Could it be that a cached 304'd static.serve_file() never reaches _caching.tee_output in CachingTool because of the nature of the exception (it is neither caught in serve_file nor CachingTool._wrapper) and thus never replaces the stale threading.Event?

@webknjaz

This comment has been minimized.

Member

webknjaz commented Jan 20, 2018

Hi,

Do you have dumped HTTP traffic at least? It would probably help us in the investigation.

@jaraco what do you think? It looks like info provided isn't enough.

@mrvanes

This comment has been minimized.

Contributor

mrvanes commented Jan 20, 2018

No, we don't have a dump of the traffic. The 304 is caused by a client we don't own and the problem is not reproducible by us, apart from the fact that it happens every now and then.

@baszoetekouw

This comment has been minimized.

baszoetekouw commented Jan 20, 2018

Well, we haven't deployed the workaround yet, so I can start a tcpdump and see if the problem occurs in the next couple of days.

@mrvanes

This comment has been minimized.

Contributor

mrvanes commented Jan 25, 2018

The tcp dump for an offending request reads as follows:

GET /static/js/pyff.js HTTP/1.1
Host: mdq.*.nl
User-Agent: Mozilla/5.0 (X11; Linux x86_64) AppleWebKit/537.36 (KHTML, like Gecko) Chrome/63.0.3239.132 Safari/537.36
Accept: */*
DNT: 1
Referer: https://mdq.*.nl/role/idp.ds?return=https%3A%2F%2Fproxy.*.nl%2FSaml2SP%2Fdisco&entityID=https%3A%2F%2Fproxy.*.nl%2FSaml2SP%2Fproxy_saml2_backend.xml
Accept-Encoding: gzip, deflate, br
Accept-Language: en-US,en;q=0.9,nl;q=0.8,de;q=0.7,fr;q=0.6
Cookie: crowd.token_key=***
If-Modified-Since: Thu, 11 Jan 2018 12:33:22 GMT
X-Forwarded-For: 2001:*:*:*:*:*:*
X-Forwarded-Port: 443
X-Forwarded-Proto: https
Forwarded: for=2001:*:*:*:*:*:*; proto=https; by=2001:*:*:*:*:*:*

The cherry logs say (as said before, I added some extra logging, which shows that AntiStampedeCache.wait is setting a threading._Event object to hold off other requesters)

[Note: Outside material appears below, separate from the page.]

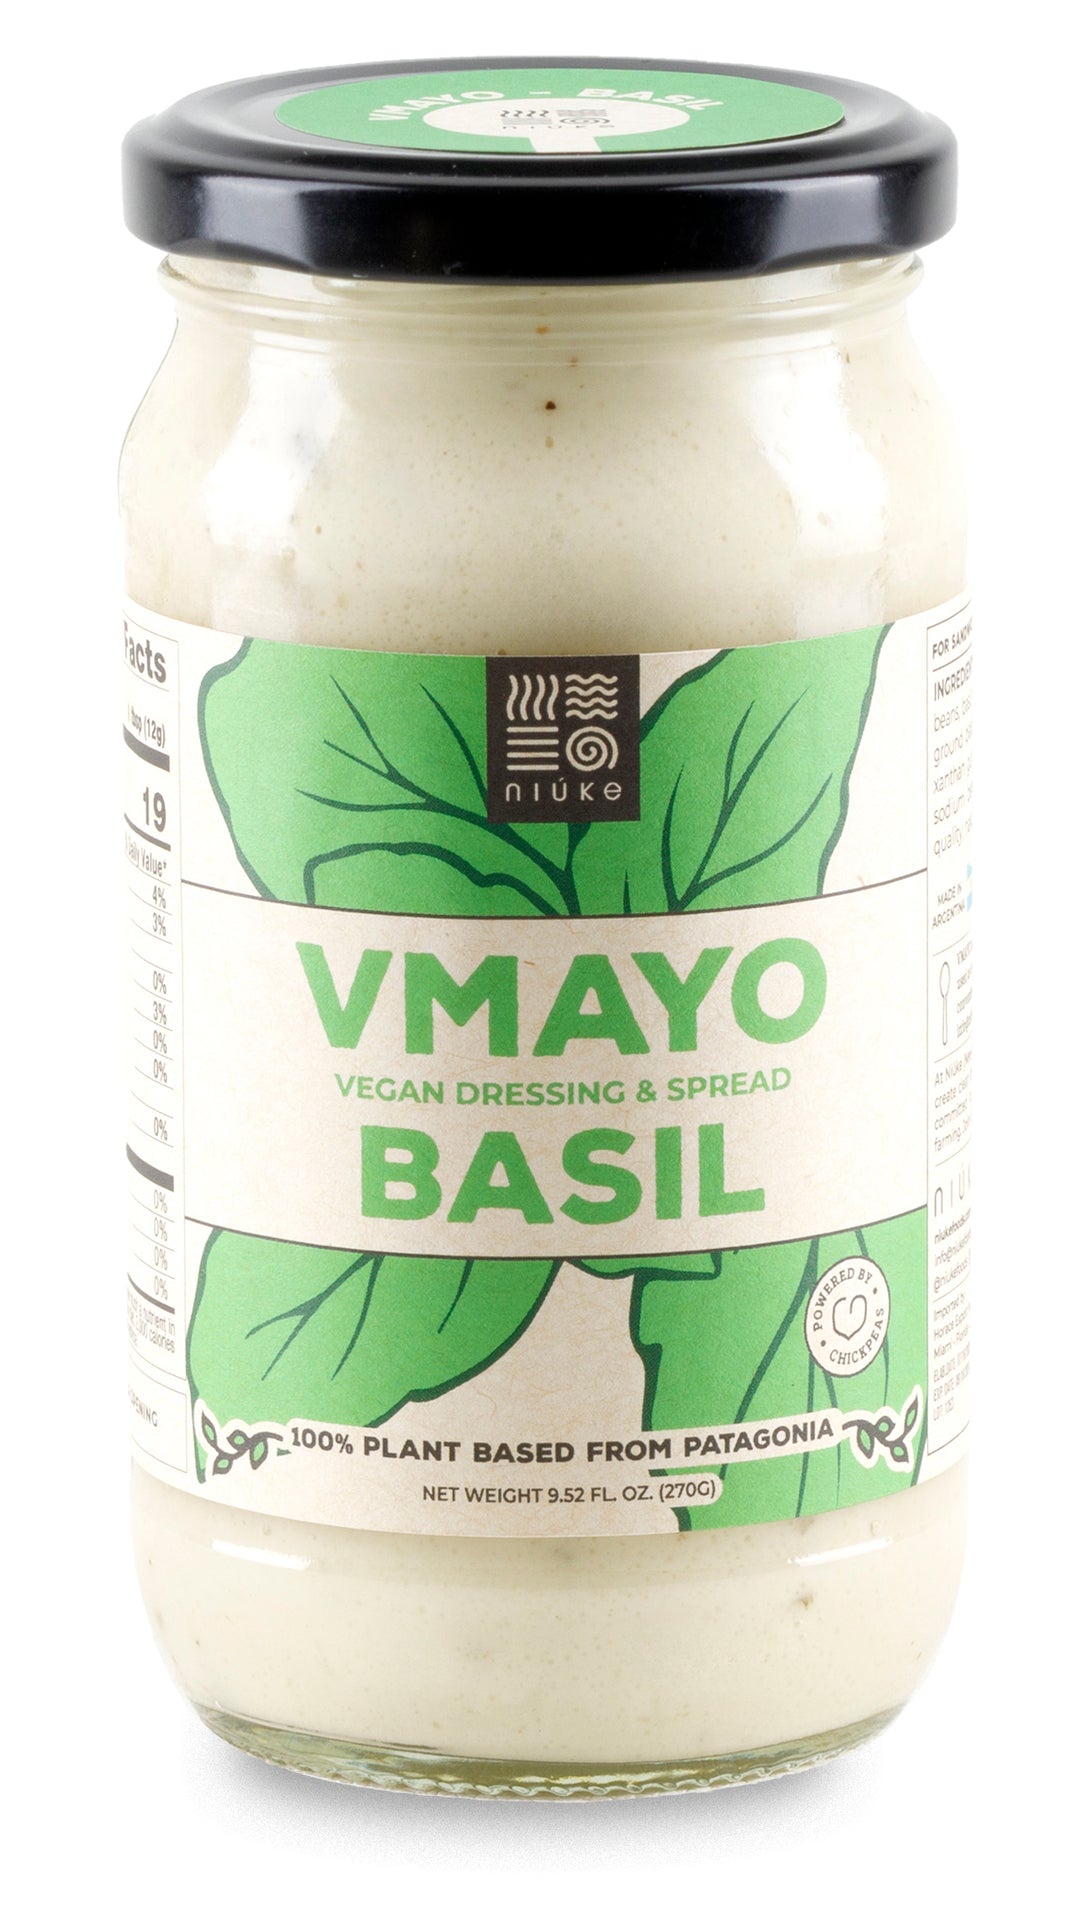 BASIL Vegan Mayo
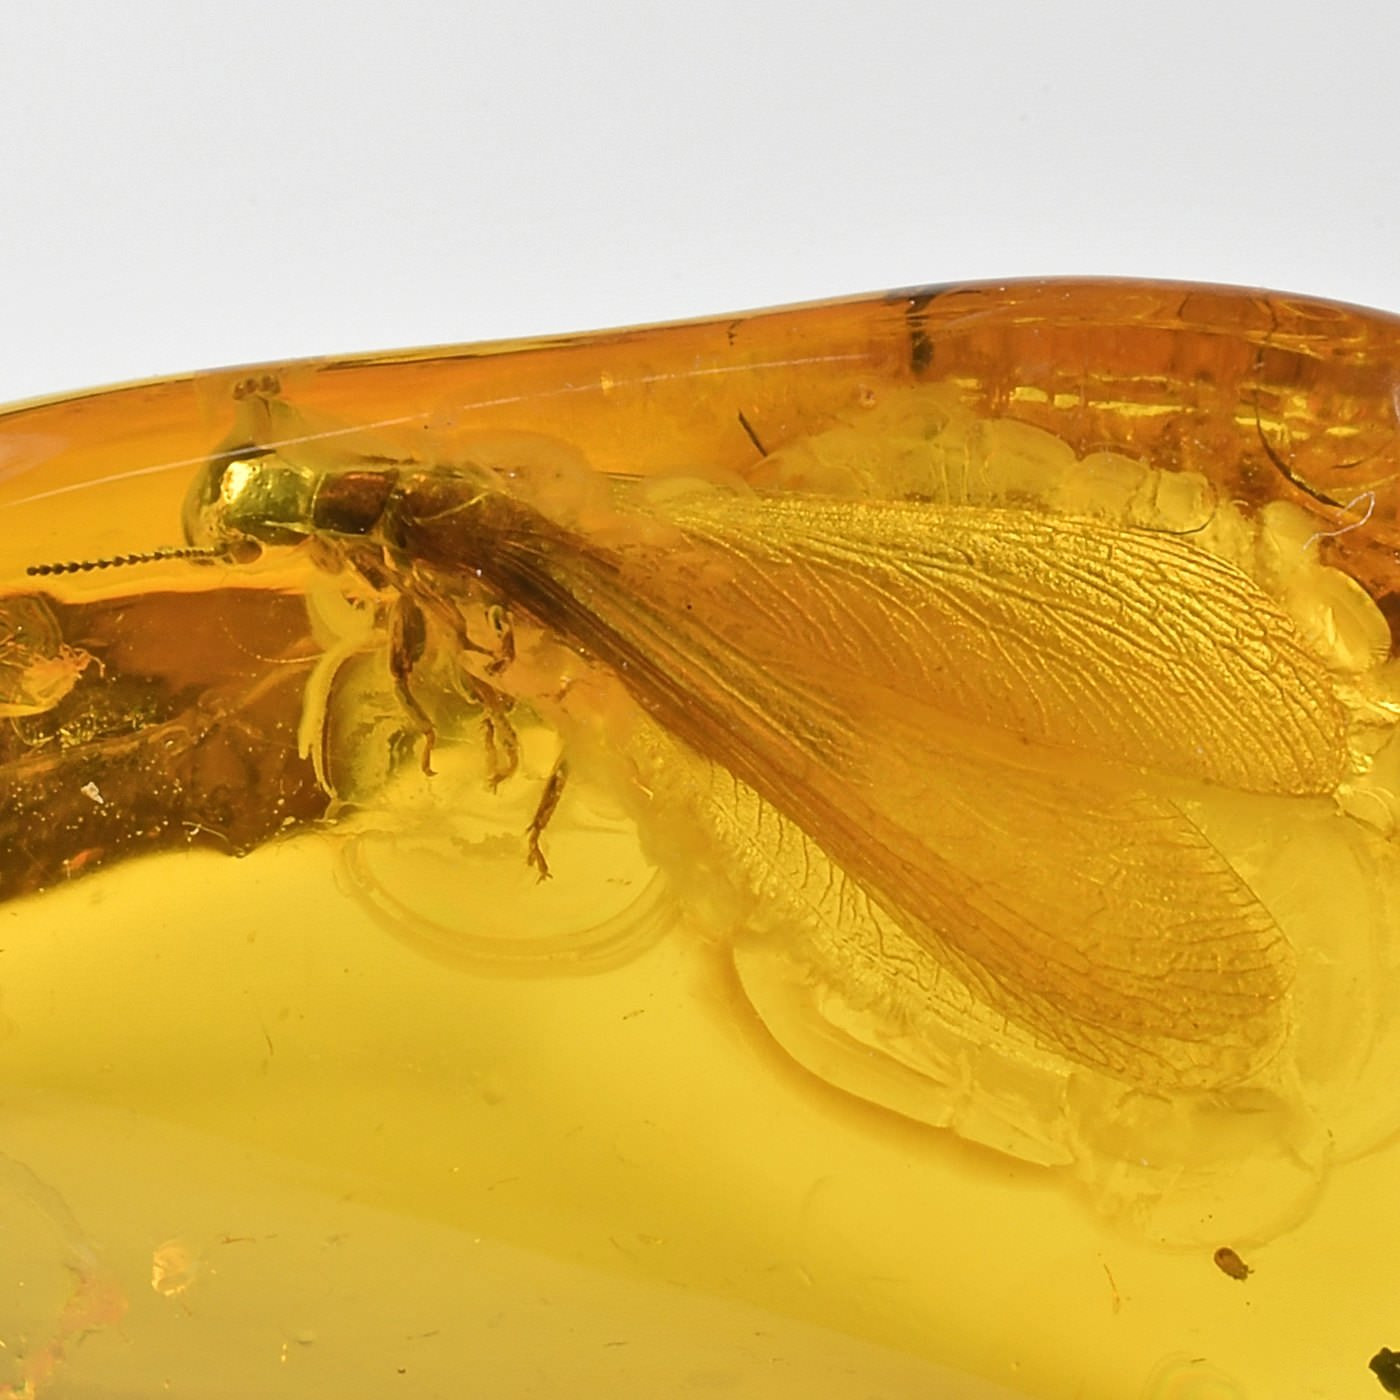 Bernstein Inkluse mit schöner geflügelter Termite Isoptera

TOOLS.CACHING get https://mdq.*.nl/static/js/pyff.js
TOOLS.CACHING Wait result for key: (), type(value) <type 'NoneType'>
TOOLS.CACHING Cache was None, set Event <threading._Event object at 0x7fecc052fc10>
TOOLS.CACHING uricache type(variant): <type 'NoneType'>
TOOLS.CACHING request is not cached
TOOLS.CACHING get() status: None
TOOLS.STATICDIR Checking file '/opt/pyff/pyff-env/local/lib/python2.7/site-packages/pyff/site/static/js/pyff.js' to fulfill '/static/js/pyff.js'
INFO:cherrypy.access.140655269161424:2001:*:*:*:*:* - - [24/Jan/2018:11:01:58] "GET /static/js/pyff.js HTTP/1.1" 304 - "https://mdq.*.nl/role/idp.ds?return=https%3A%2F%2Fproxy.*.nl%2FSaml2SP%2Fdisco&entityID=https%3A%2F%2Fproxy.*.nl%2FSaml2SP%2Fproxy_saml2_backend.xml" "Mozilla/5.0 (X11; Linux x86_64) AppleWebKit/537.36 (KHTML, like Gecko) Chrome/63.0.3239.132 Safari/537.36"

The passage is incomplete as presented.